— Source records —
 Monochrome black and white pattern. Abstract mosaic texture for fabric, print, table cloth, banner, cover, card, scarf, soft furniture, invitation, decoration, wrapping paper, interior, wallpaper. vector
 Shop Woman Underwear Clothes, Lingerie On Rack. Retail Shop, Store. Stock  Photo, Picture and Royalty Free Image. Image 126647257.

---

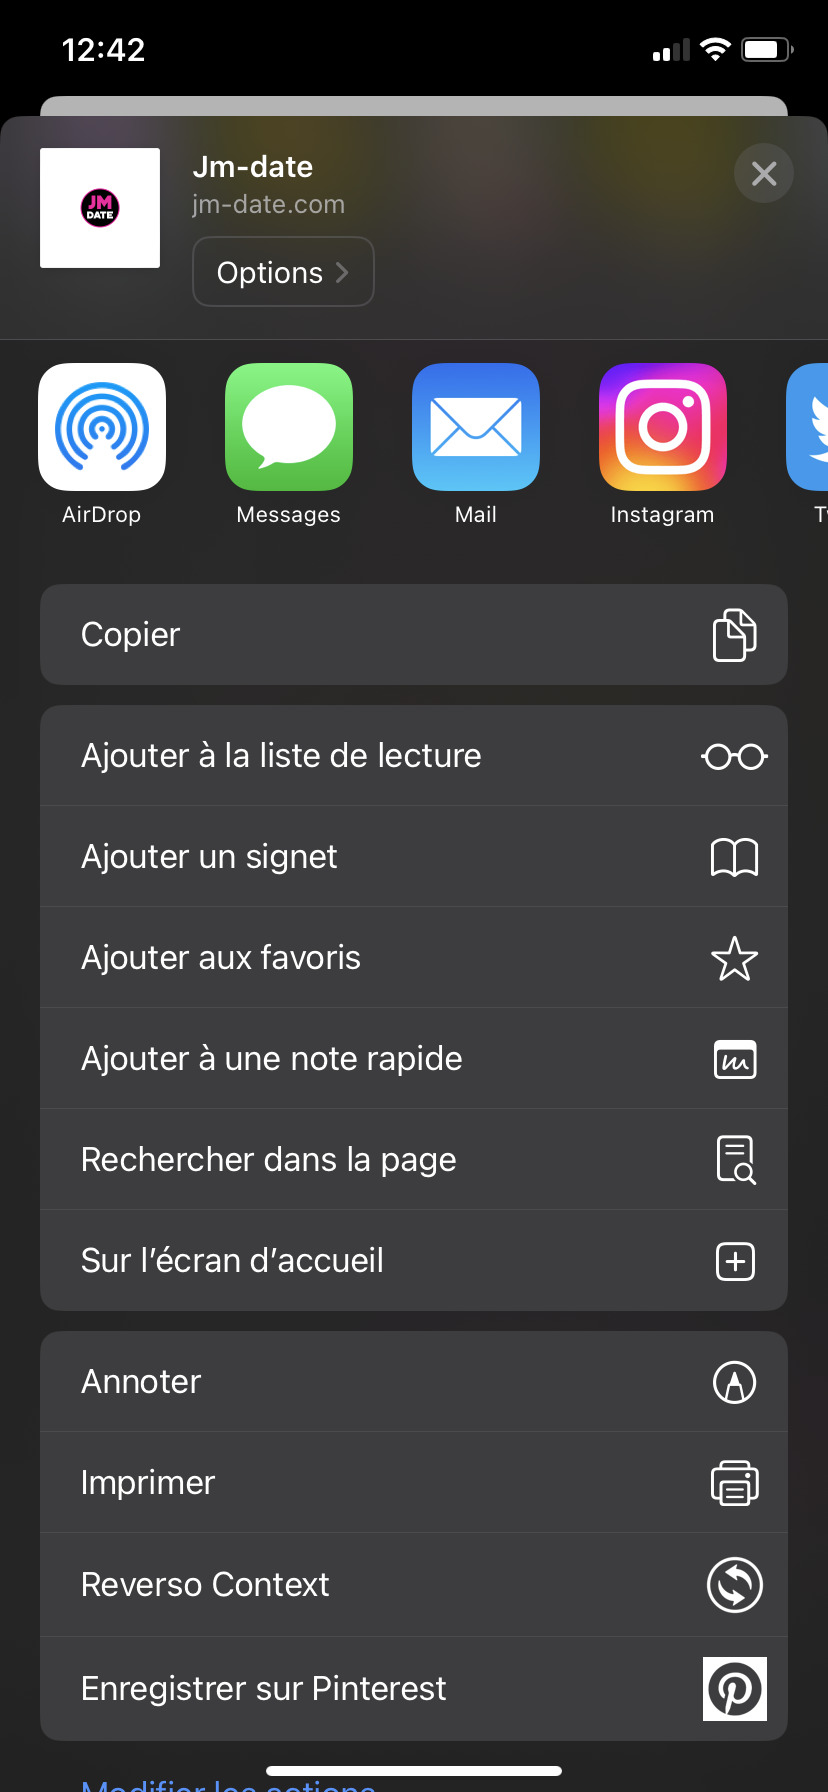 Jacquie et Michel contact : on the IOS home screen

---

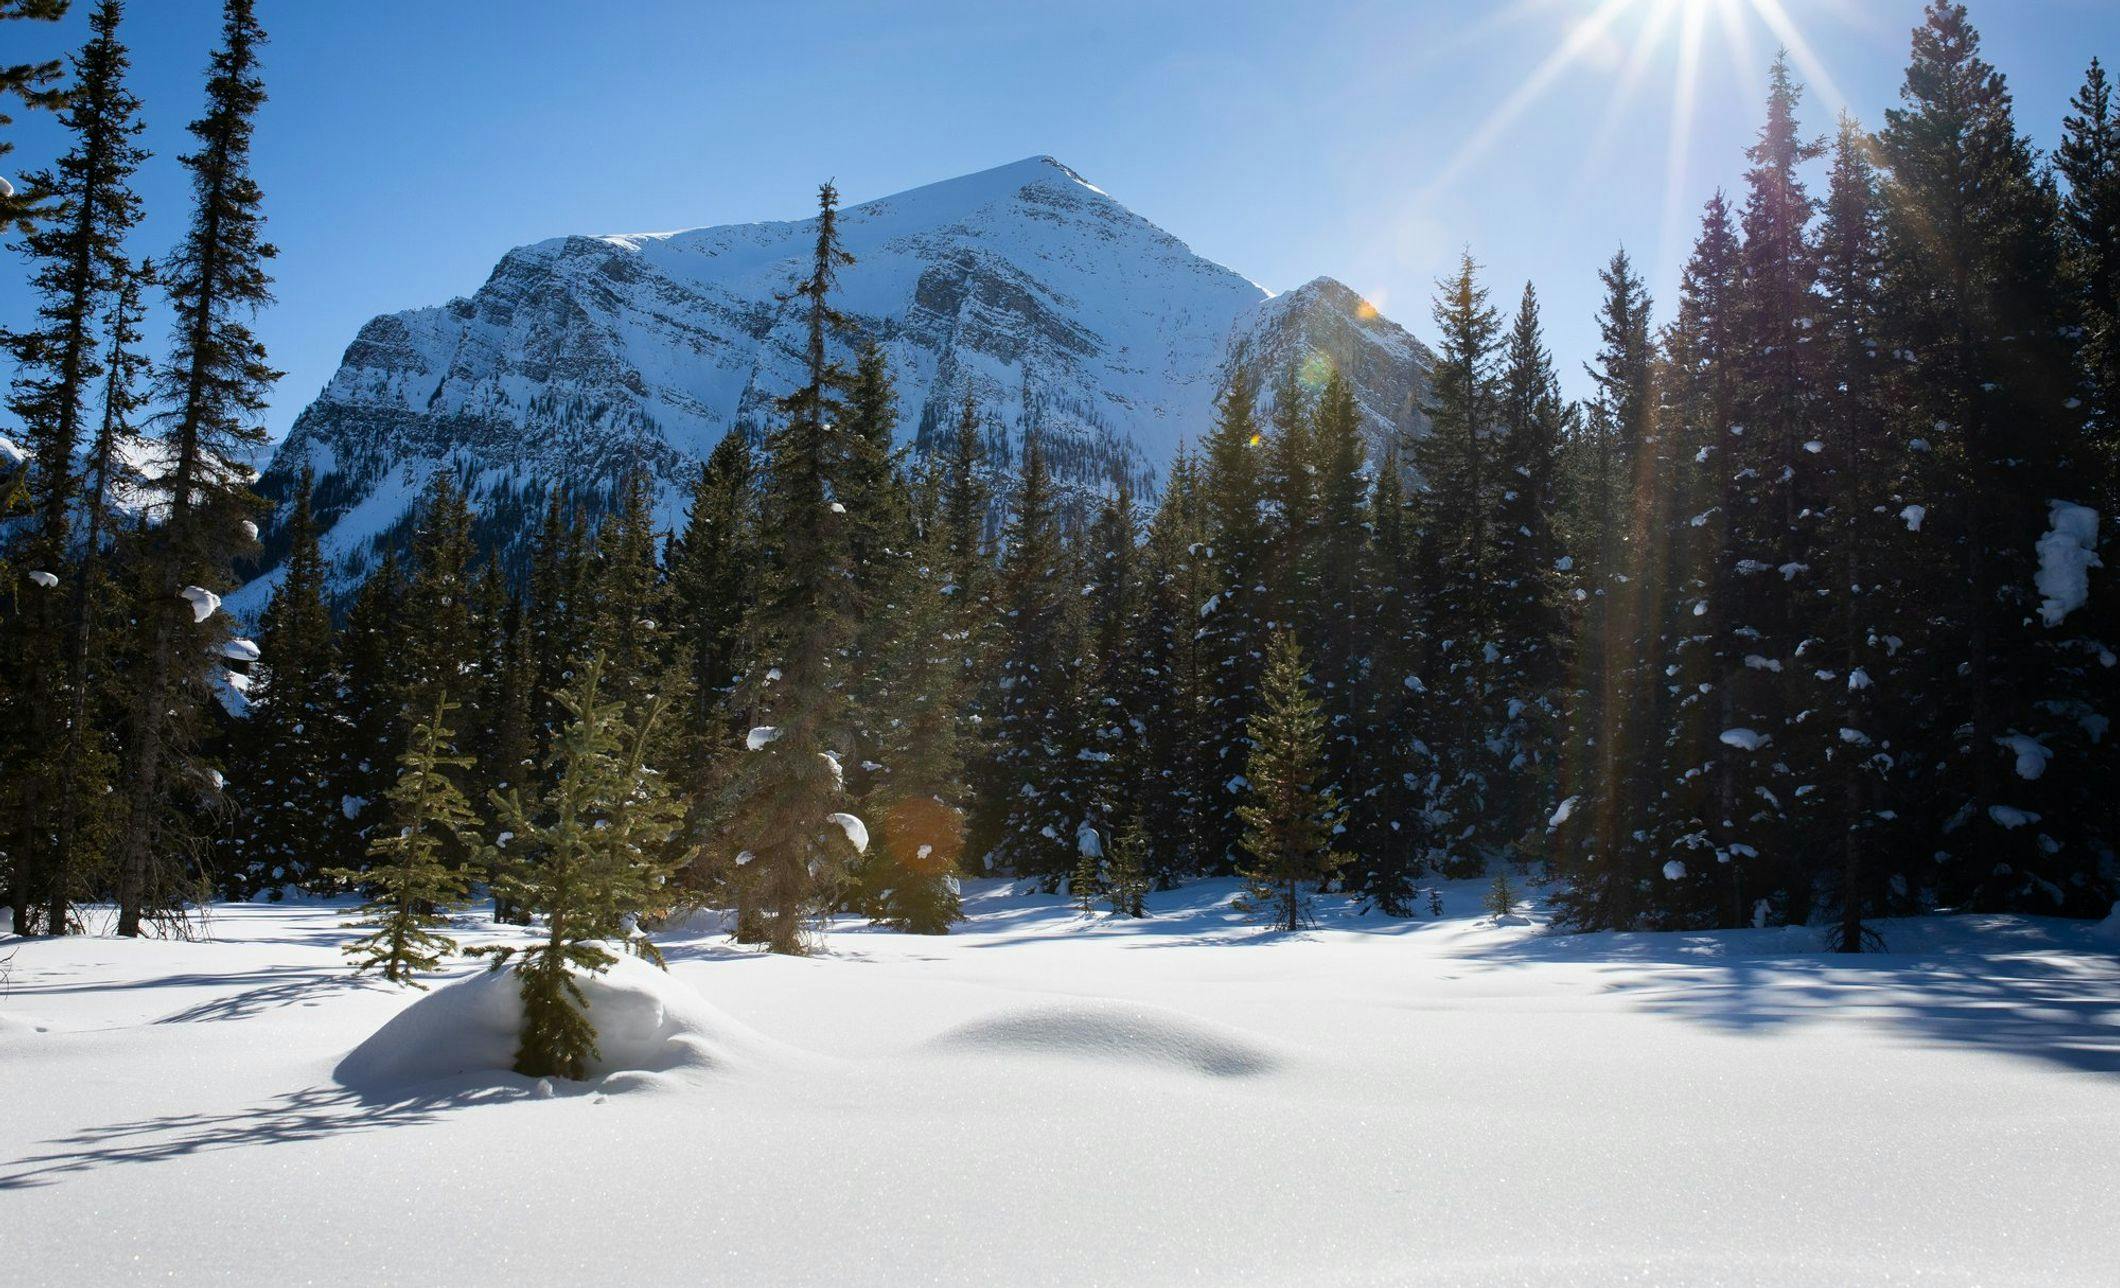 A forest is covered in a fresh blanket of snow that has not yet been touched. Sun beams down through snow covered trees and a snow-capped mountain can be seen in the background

— Assignment —
A verbatim transcription is needed of the lines above, starting at the line with "Monochrome black and" and ending at the line with "Shop Woman Underwear", both included, and of nothing else.

— Output for this exercise —
 Monochrome black and white pattern. Abstract mosaic texture for fabric, print, table cloth, banner, cover, card, scarf, soft furniture, invitation, decoration, wrapping paper, interior, wallpaper. vector
 Shop Woman Underwear Clothes, Lingerie On Rack. Retail Shop, Store. Stock  Photo, Picture and Royalty Free Image. Image 126647257.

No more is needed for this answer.